Solve the problem with idiomatic python¶
class Solution:
def threeSum(self, nums: list[int]) -> list[list[int]]:
nums.sort()
res: list[list[int]] = []
n = len(nums)
for i in range(n - 2):
# Same anchor value would generate duplicate triplets.

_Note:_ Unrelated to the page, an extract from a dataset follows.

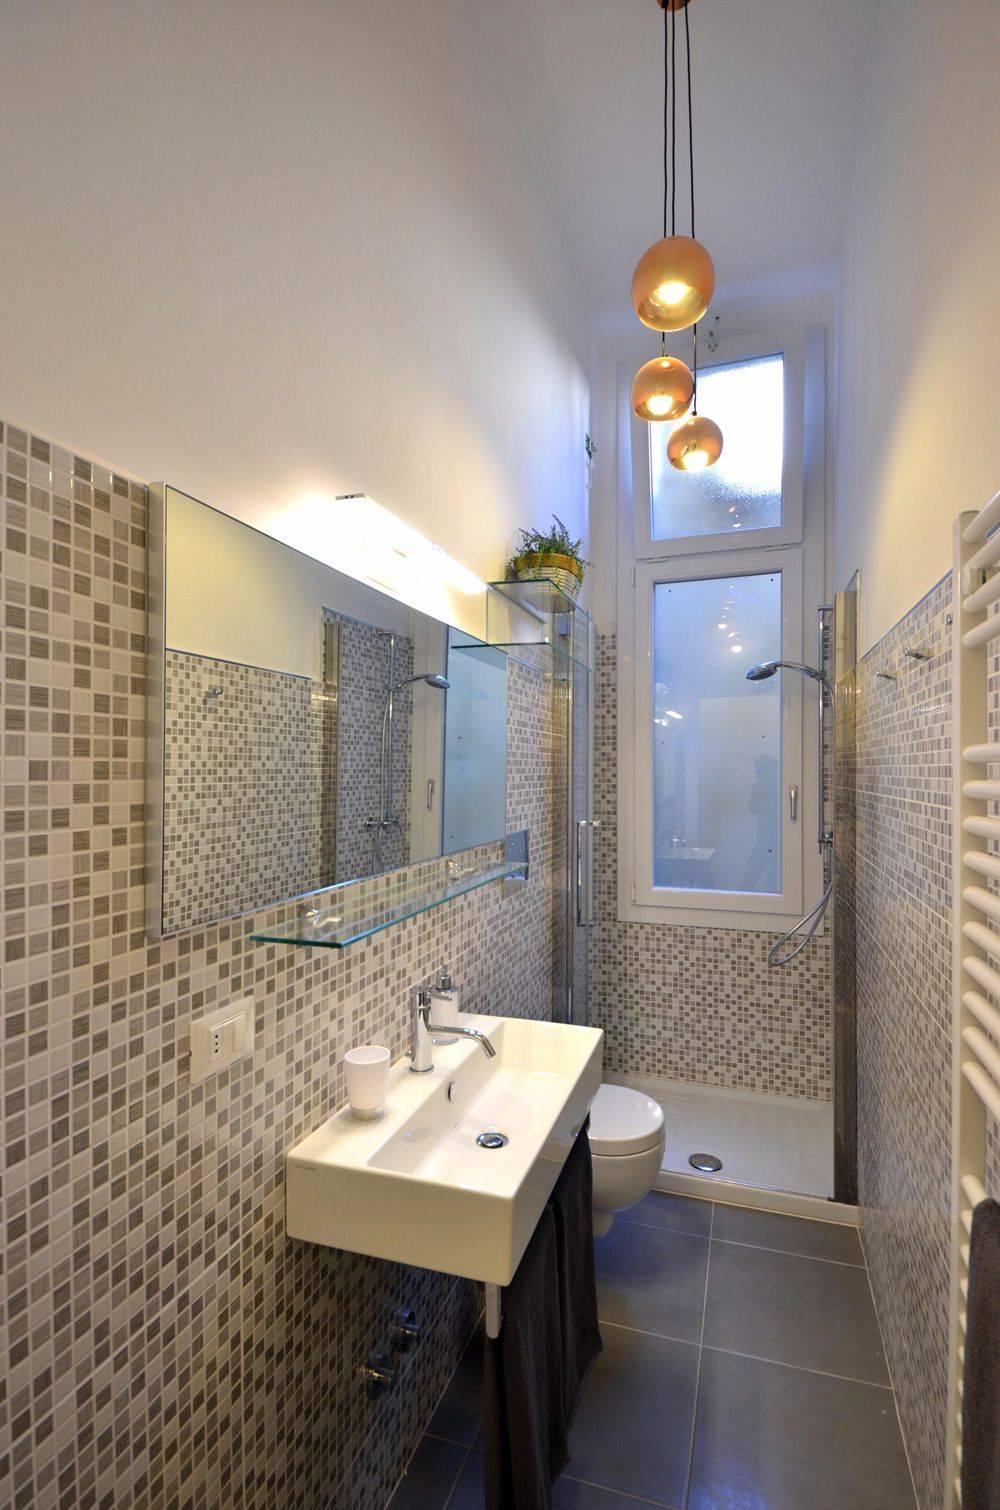 bathroom 2 of the Piano Nobile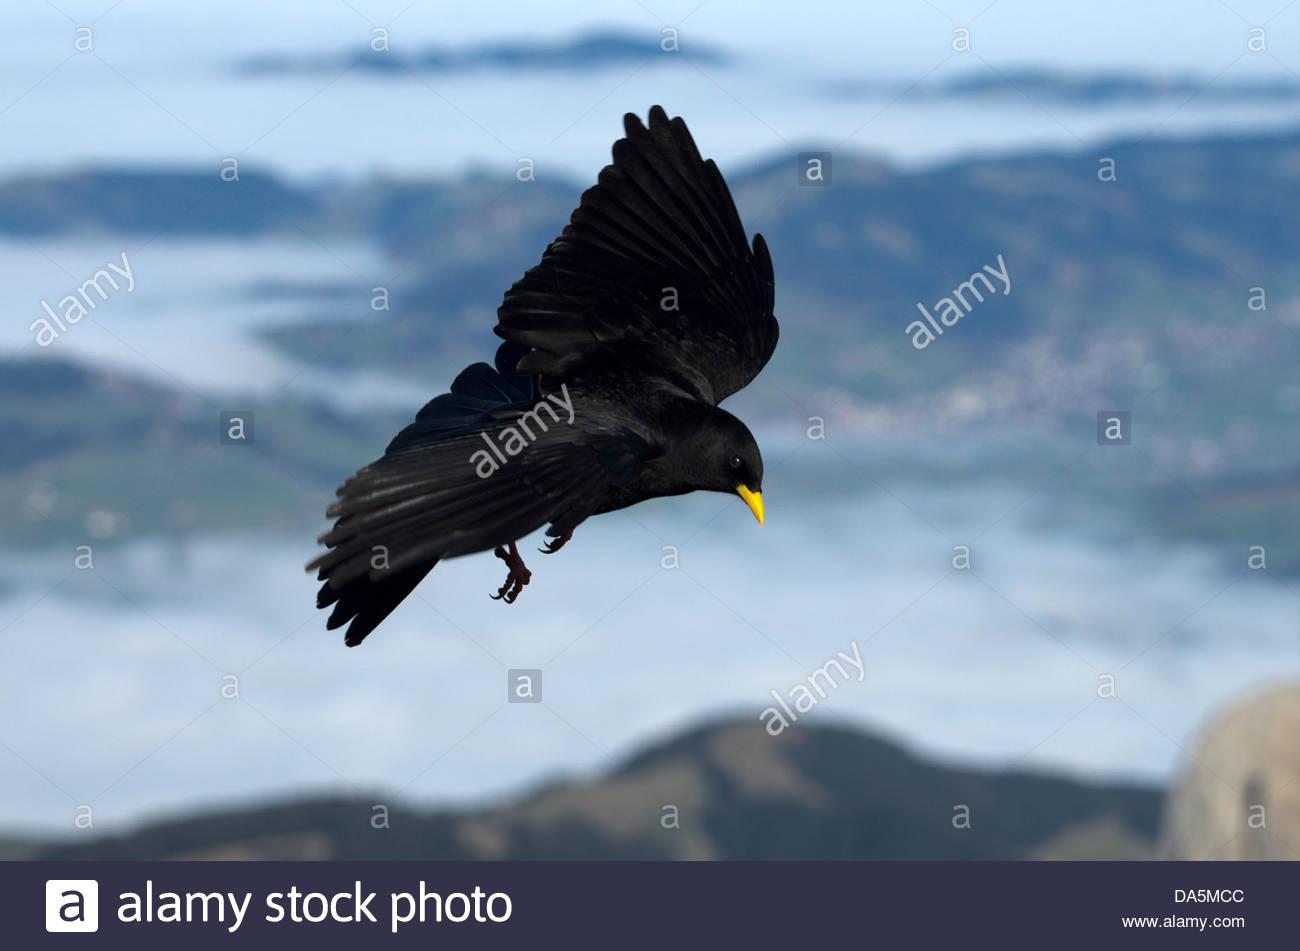 Appenzell, Schweiz, Europa, Alpen, Säntis, Vogel, Spatz Vogel Singvogel, Raven Vogel, alpine Alpenkrähe, Stockbild

if i > 0 and nums[i] == nums[i - 1]:
continue
# Since array is sorted, if anchor is already > 0, sum cannot be 0.
if nums[i] > 0:
break
left, right = i + 1, n - 1
while left < right:
s = nums[i] + nums[left] + nums[right]
if s < 0:
left += 1
elif s > 0:
right -= 1
else:
res.append([nums[i], nums[left], nums[right]])
left += 1
right -= 1
# Skip duplicate second values.
while left < right and nums[left] == nums[left - 1]:
left += 1
# Skip duplicate third values.
while left < right and nums[right] == nums[right + 1]:
right -= 1
return res
Pytest test¶
import pytest
def normalize(triplets: list[list[int]]) -> list[tuple[int, int, int]]:
return sorted(tuple(sorted(t)) for t in triplets)
@pytest.mark.parametrize(
("nums", "expected"),
[
([-1, 0, 1, 2, -1, -4], [[-1, -1, 2], [-1, 0, 1]]),
([0, 1, 1], []),
([0, 0, 0], [[0, 0, 0]]),
([0, 0, 0, 0], [[0, 0, 0]]),
([-2, 0, 0, 2, 2], [[-2, 0, 2]]),
([-1, -1, -1, 2, 2], [[-1, -1, 2]]),
([-2, -1, 0, 1, 2, 3], [[-2, -1, 3], [-2, 0, 2], [-1, 0, 1]]),
([1, 2, -2, -1], []),
],
)
def test_three_sum(nums, expected):
assert normalize(Solution().threeSum(nums)) == normalize(expected)
Comment my solution¶
Your solution is correct in idea but too expensive.
- You scan all pairs \((i, j)\).
- For each pair, you may scan many candidate
k. - Then
triplet not in tripletsis another linear scan. - Sorting each found triplet also adds repeated extra work.
So the practical cost becomes much worse than \(O(n^2)\), which is why it times out.
Good parts:
- You correctly reduced the condition to
nums[k] = -(nums[i] + nums[j]). - You correctly enforced distinct indices.
- You correctly normalized triplets before deduplicating.
Main interview improvement:
- Replace hash-of-indices plus result-membership checks with sorted array + two pointers.
- That gives clean duplicate handling and the expected \(O(n^2)\) time.
# Works
# But refused on LeetCode: Time Limit Exceeded
class Solution:
def threeSum(self, nums: list[int]) -> list[list[int]]:
# one pass to do reverse hash
nums_to_index = {}
for i,num in enumerate(nums):
if num in nums_to_index:
nums_to_index[num].append(i)
else:
nums_to_index[num] = [i]
# nums[i] + nums[j] + nums[k] == 0
# <=>
# -(nums[i] + nums[j]) == nums[k]
# We scan each pair (i, j) with i < j
# and look for -(nums[i] + nums[j]) in nums_to_index
triplets = []
n = len(nums)
for i in range(n):
for j in range(i + 1, n):
num = -(nums[i] + nums[j])
if num in nums_to_index:
for k in nums_to_index[num]:
if k != i and k != j:
triplet = sorted([nums[i],nums[j],nums[k]])
if triplet not in triplets:
triplets.append(triplet)
return triplets
Extra¶
Complexity¶
The outer loop runs \(O(n)\) times.
For each i, the inner two-pointer scan is \(O(n)\).
So total is \(O(n) \times O(n) = O(n^2)\)
Then include sorting \(O(n \log n) + O(n^2) = O(n^2)\) because \(O(n^2)\) dominates \(O(n \log n)\).